Ну, Олександру Ивановну вы, вероятно, знаете, если вас сюда пригласили. Актриса она думающая, тонкая, но думающие актрисы устраивают не всякого режиссера, вот она и вздыхает: господи, пятый десяток проходит, а что осталось, что сделано, что еще успею сделать? Спишут потом, как старый спектакль, где все изорвано в клочья — и текст затрепанный, и декорация запылилась, и костюмы в заплатках, и роль морально устарела, как и у вас, инженеров, говорят. Кое-кто даже обещает себе: уйду своевременно, как только почувствую, что уже исчерпался, но никто не выполняет этого обещания. Каждый верит, что он неисчерпаем, каждый дожидается: а вдруг, а что, если посчастливится хоть напоследок! Видите, мы не только от вареников зависим, а еще и от режиссеров, от роли, от партнеров, от гримера и костюмерши, которая может забыть в твоем платье шпильку и ты так и будешь играть весь акт с этой шпилькой в заду, будешь ласково и мирно улыбаться, ведь нельзя же госпоже Простаковой на глазах у всего зала шарить в кринолине в поисках шпильки.

Галько гостит, угощается у Олександры Ивановны, а сам терпеть ее не может, представляете, как приятно ему целовать ее на сцене, играя нежного, любящего брата? А ведь играет! И чем больше не терпит, тем старательнее играет и тем аппетитнее поедает бутерброды. И режиссеров, кстати, тоже. Знаете, как это делается? Выходит на трибуну собрания — и вроде бы от чистого сердца, болея душой — наотмашь по физиономии: какой репертуар, каков уровень, как мы могли позволить себе… Больше всего я не могу простить ему одного: анекдот до конца выслушает, без смеха, только губы скривит и говорит: «С бородой, с бородой анекдотец». Ужасная черта характера, правда?

И все мы вместе — удивительный оркестр, где не должно быть ни одной фальшивой нотки, ведь чего больше всего не переносит наш высокоумный зритель, чего он не принимает? Больше всего он ненавидит фальшь, особенно если догадывается, что эту фальшь ему ни с того ни с сего выдают за правду.
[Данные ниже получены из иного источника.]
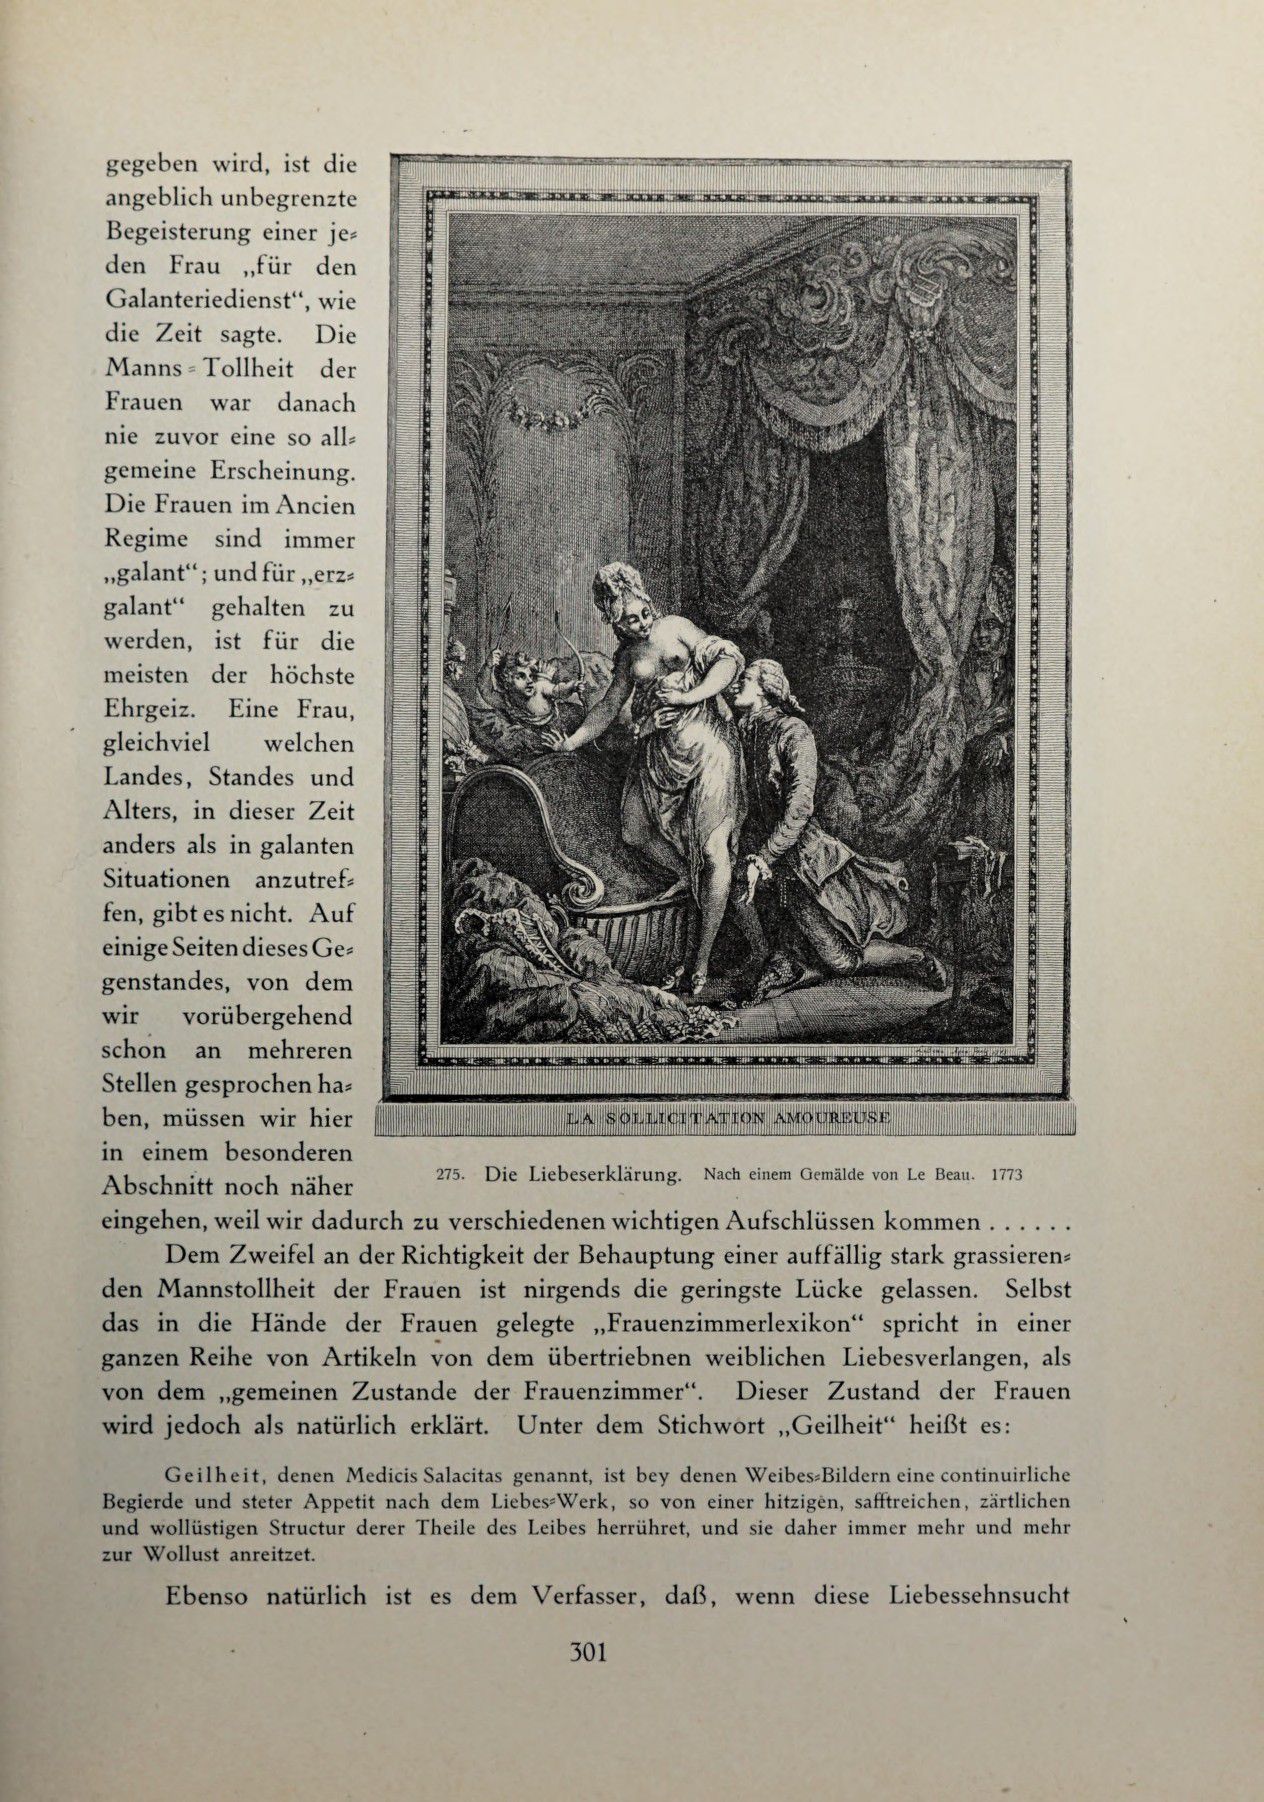 [Eduard Fuchs] Illustrierte Sittengeschichte vom Mittelalter bis zur Gegenwart: Bd. 2. and Ergänzungsband. Die galante Zeit [German] 440

А фальшь так и выпирает! Выходит на сцену Артемида — как встарь, по закоренелой привычке играет бытовку, ведь что поделаешь, если она иначе и не умеет, не переучишь и не убедишь. Метелица — тот пытается утвердить интеллектуальный театр, демонстрировать отчуждение, а милая Коташка демонстрирует свои девичьи прелести, — прислушайтесь, как звучит этот оркестр, который никому так и не удалось до сих пор свести воедино. Актерский ансамбль — видите, слышите?

Погодите, а вон еще один симпатичный представитель провинциального театра, пенсне на носике, и кудри еще черные, хотя возраст пенсионный, это наш древний и драгоценный композитор, ему пора писать мемуары, ему я еще больше завидую, чем Коташке: он знал самого Курбаса, здоровался за руку с Петрицким и Меллером, был знаком с Кулишом, Козицкого называет не то учителем, не то побратимом. Вы только послушали бы, какой хлам, какую серятину он тащит на сцену, — хоть уши затыкай! При Козицком он переписывал ноты, а не сочинял музыку. Но когда кто-нибудь попытается сыграть другое, он сморщит носик, пенсне подпрыгнет: было уже, слышали, пытались и до вас и так и сяк — не один сломал шею при этих попытках, и что вы об этих смельчаках знаете? А вот я, я есть!.. Как то ему предложили написать статью о младшем коллеге, а он отказался: рано еще, пусть лет десять подождет, там видно будет. А лет через десять будет поздно смотреть, мало ли что с тем молодым станется, — ему поддержка сейчас нужна, а не потом.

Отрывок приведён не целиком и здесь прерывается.